At ETH Zurich, he found himself surrounded by likeminded students and researchers - even a few who were head-hunted by major corporations like Google, Sony, and Microsoft. Quickly realizing that the world really is the "oyster" of his generation, he enrolled in a number of extra-curricular courses - a privilege few other institutions afford its students. It was a dream come true for the knowledge thirsty Yenicelik who frequently accesses the Internet to learn new things. As part of his course exploration, he came across Professor Bart Clarysse, who heads up ETH Entrepreneurship.
Clarysse helped Yenicelik refine some of his broad ideas for solving the challenges of immigration and hone in on those ideas that could be feasibly deployed. Through ETH, he has also been exposed to major figures in the field of AI, including Professors Thomas Hofmann and Andreas Krause, both of whom taught and inspired him to apply the advanced techniques in Machine Learning towards social good. "Krause’s principled and caring approach towards his students inspired a deeper understanding of the subject matter," says Yenicelik.
Mentor and support
Supportive professors like Krause and Clarysse motivated Yenicelik to reach beyond the status quo. Professor Roland Siegwart also opened his door to Yenicelik and a few of his peers allowing them to pitch their idea for the first iteration of the Swissloop Association - a student-led team that creates and races a hyperloop mobility pod through near-vacuum tubes at speeds of up to 450 kilometres per hour. Siegwart, Frank Gürkaynak - a Senior Scientist at ETH, and many others mentored the team providing resources like an empty hangar space in a former military airfield / innovation park.
Together with Carl Friess - who ended up working for Elon Musk’s, The Boring Company, Dore de Mosier, and others, Yenicelik formalised the first legal entity of Swissloop and built the team from just a handful of engineers to a group of about sixty. Later the association was integrated as a student focus project in the university’s Mechanical and Process Engineering department. Since then, Swissloop has participated three times in Elon Musk’s SpaceX Hyperloop competition in California placing twice among the top three.

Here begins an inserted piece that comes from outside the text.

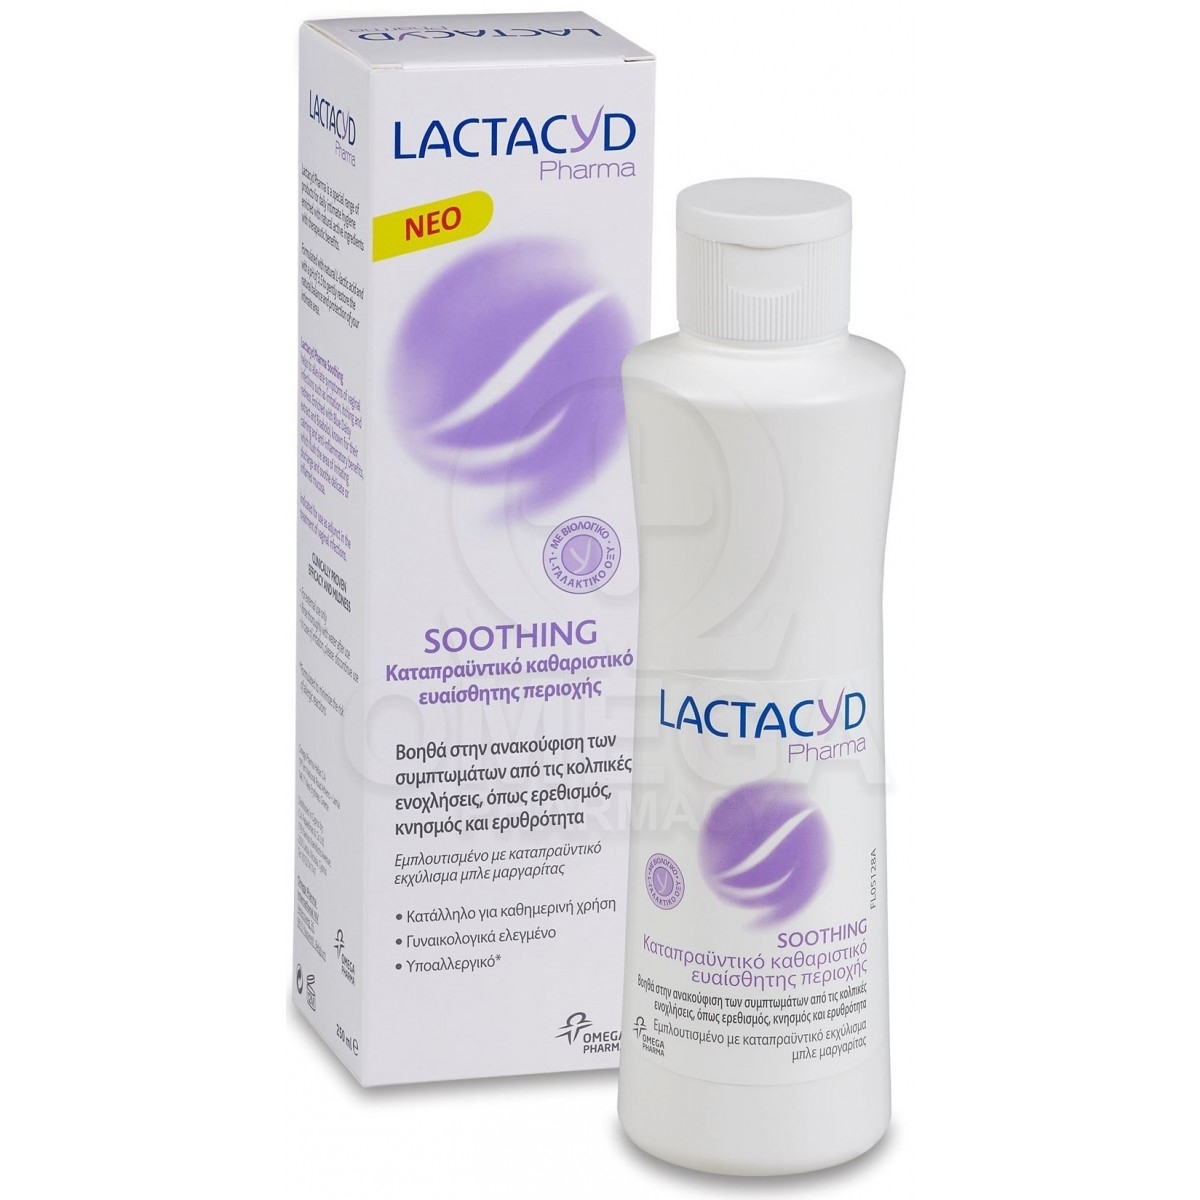 LACTACYD Pharma Soothing Intimate Wash Καταπραϋντικό Καθαριστικό Ευαίσθητης  Περιοχής, Ανακουφίζει από τα Συμπτωμάτα των Κολπικών

Mentorship is not limited to professors. Staff members like Romana Mayer, who manages projects for ETH Zurich’s international office involved Yenicelik with the Clinton Global Initiative for Universities (CGIU). The non-profit organization motivates and mentors social entrepreneurship that makes a positive impact on the world. Yenicelik partnered with Michael Yared, a fellow computer science student from Lebanon. Together, they competed among seven students for funding to travel to CGIU’s Annual meeting in Boston where they conceptualized "Project Spark." Project Spark was a venture that envisioned a new education system that takes advantage of technology and modern research to enable some of the poorest countries in the world to teach more students, more effectively, and at a minimal cost.
Universities play an increasingly important role in society cultivating talents including facilitating access to platforms like CGIU, as well as, formal and informal student networks, and accessible mentors with whom students can establish positive and professional working relationships. Ulrich Scharf and some of Skilllab’s current co-founders encountered David Yenicelik through his work on a social initiative focused on refugee integration in Zurich. "Impressed by his engagement, as well as his commitment to great engineering, David quickly became an integral part of our team and a co-founder, despite his young age. Today, he leads Skilllab’s data engineering focusing specifically on artificial intelligence components," says Scharf.
In Yenicelik’s point of view, networks, especially in the field of social entrepreneurship, involve engaging talent and setting a uniform direction and "bundling talent toward a common vision." For him, life is not about making money, but rather, making "music with friends." Perhaps, somewhat altruistic, David Yenicelik manifests his values through projects, working from his own philosophy and principles in life. He chose to work with refugees because it is where he could make the most impact on a social issue that receives little positive attention and baffles world leaders. According to Yenicelik, opportunities in Switzerland are immense compared with other countries. "Talent defines how a country or state develops," he says "and I want to make my contribution in both Turkey and here in Europe."